»»

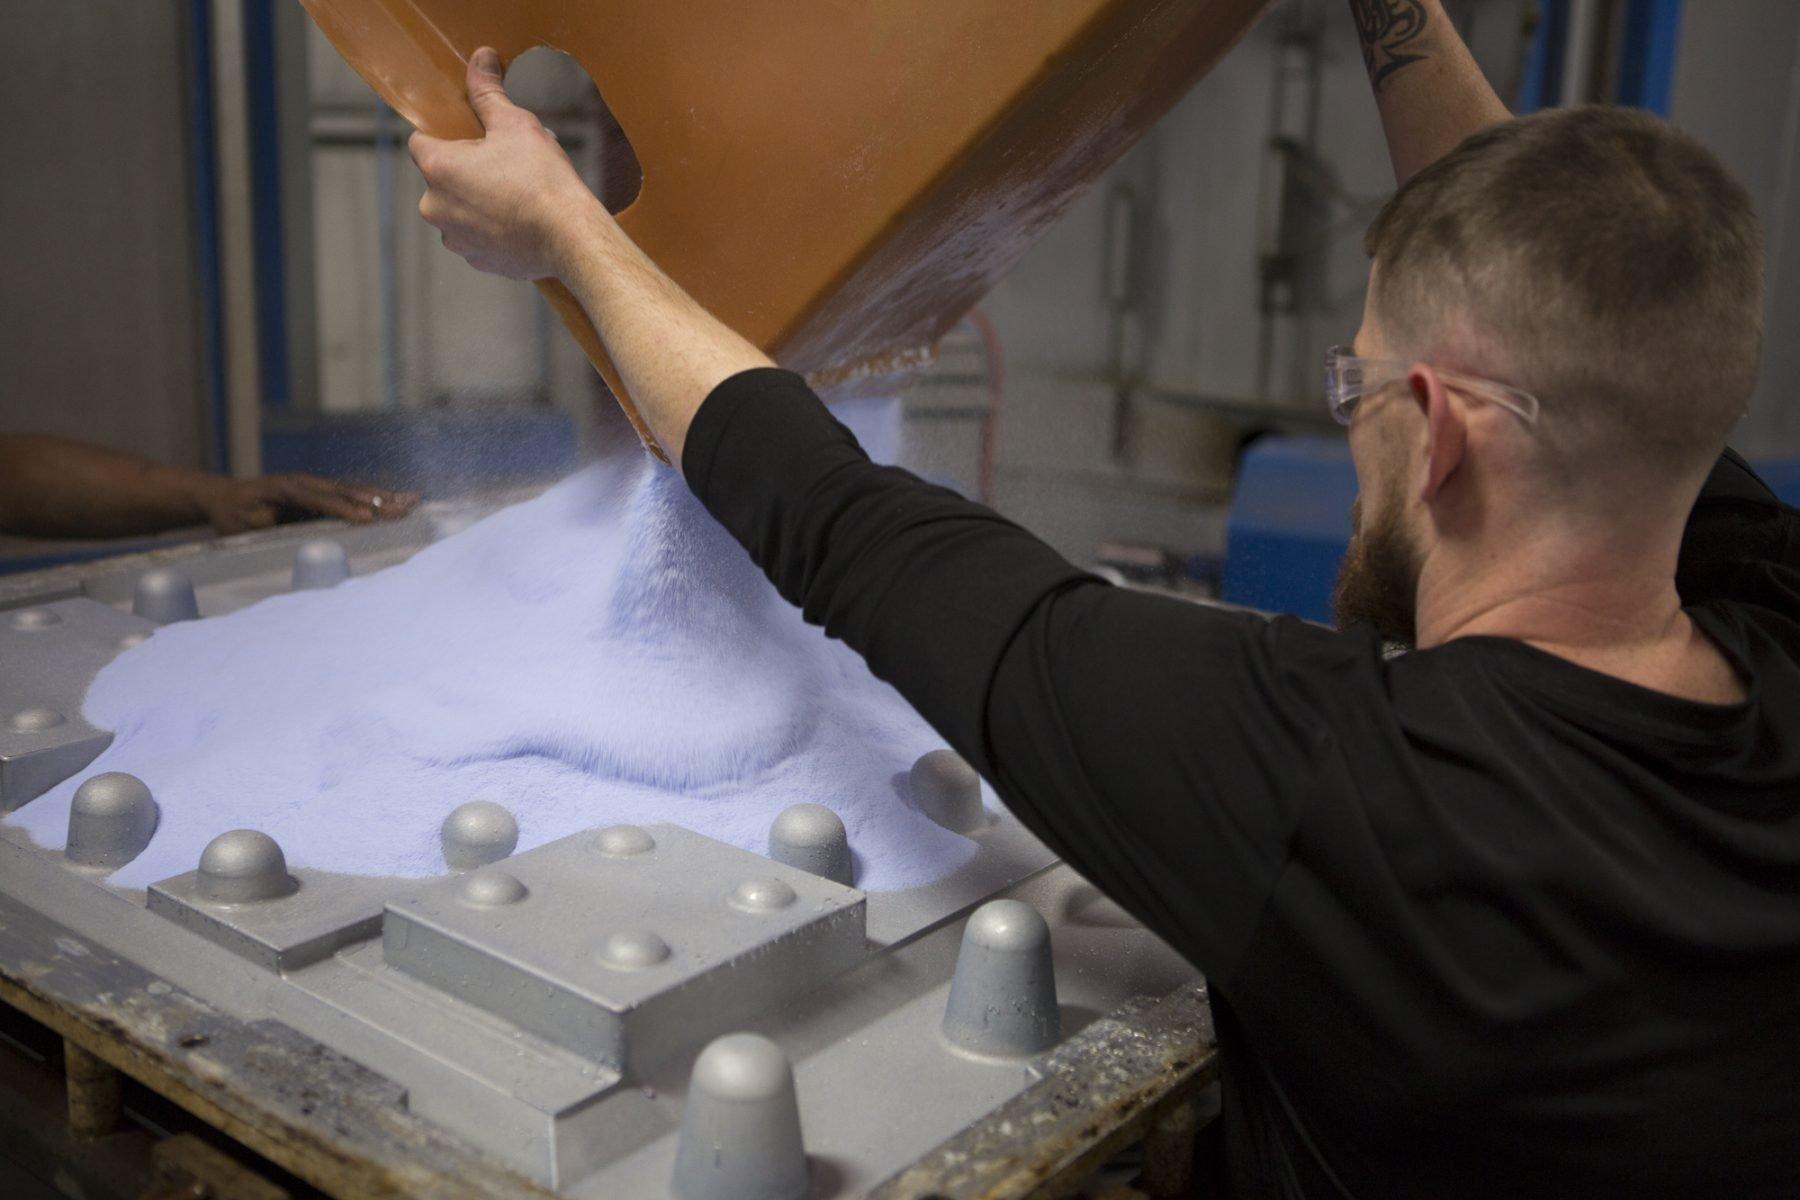 Jeco-Plastics-Commercial-Photography-Website-Plainfield-Indiana-8
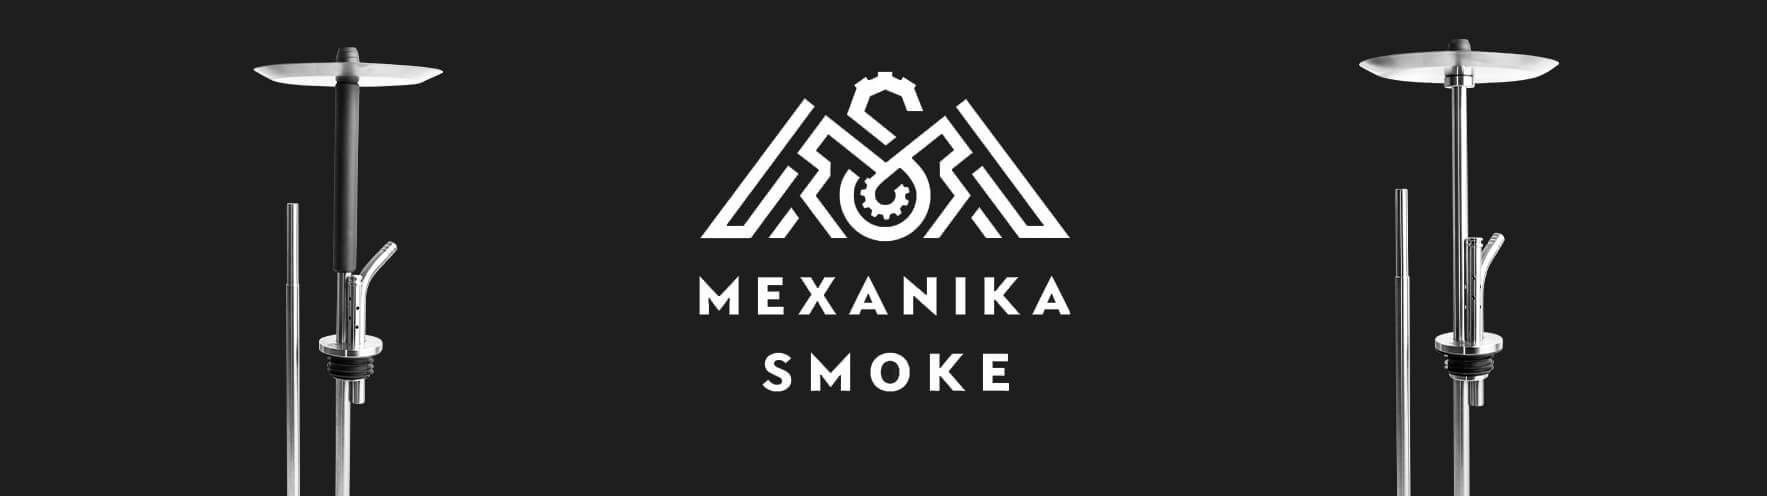 Кальяны Mexanika Smoke официальный сайт
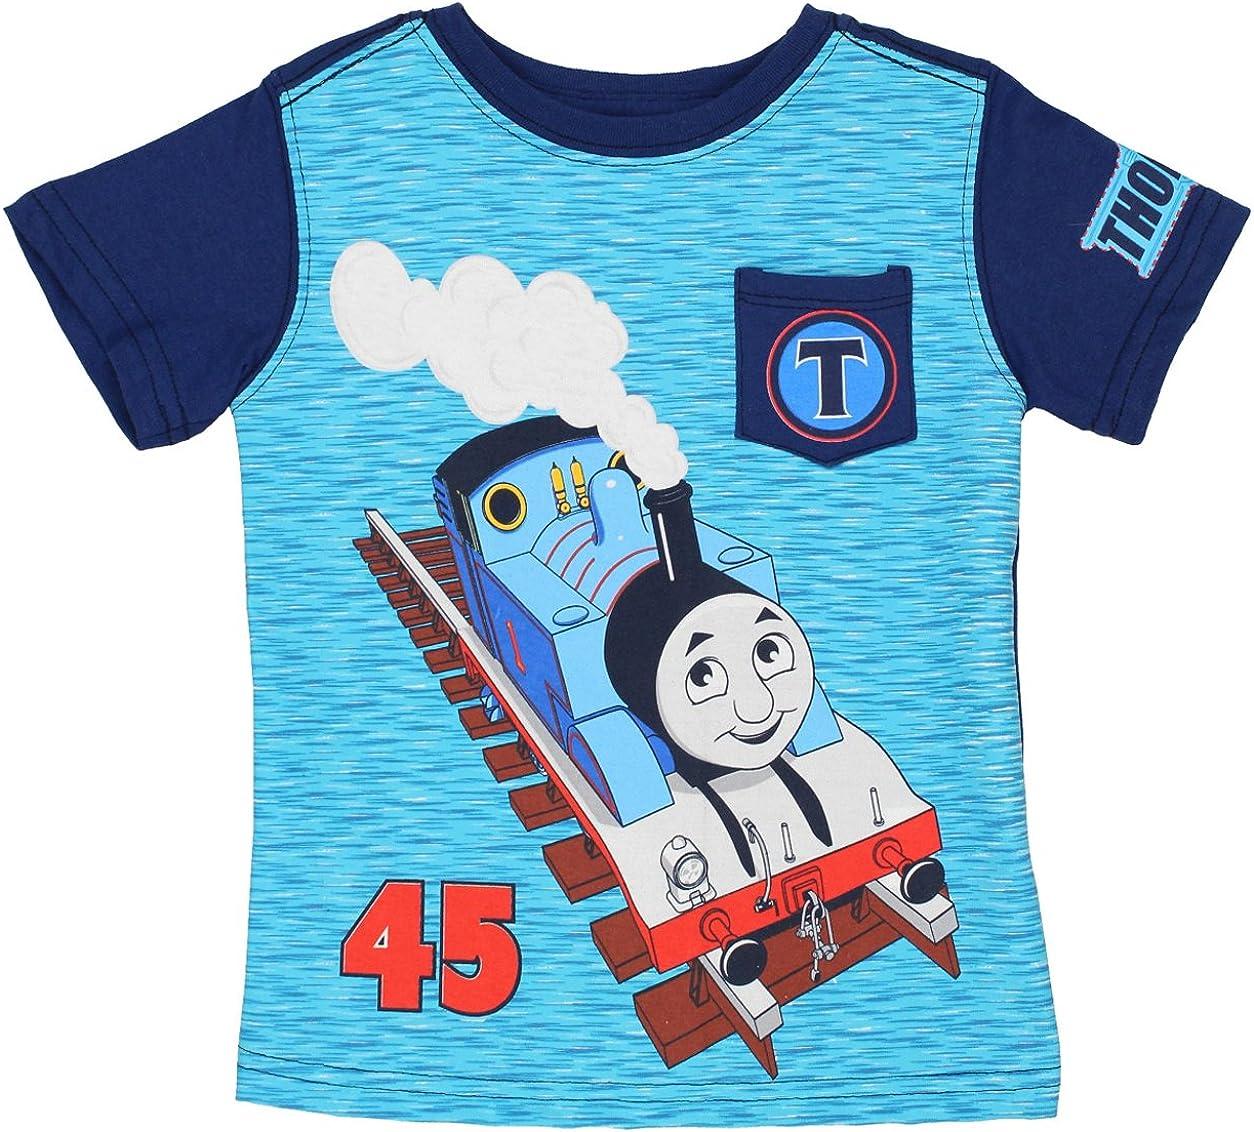 Thomas & Friends Short Sleeve Tee (4T, Navy/Blue Thomas)

««

_What to do_
Using the material above, set down every line exactly, but skip the pictures.

_Completed task_
 Jeco-Plastics-Commercial-Photography-Website-Plainfield-Indiana-8
 Кальяны Mexanika Smoke официальный сайт
 Thomas & Friends Short Sleeve Tee (4T, Navy/Blue Thomas)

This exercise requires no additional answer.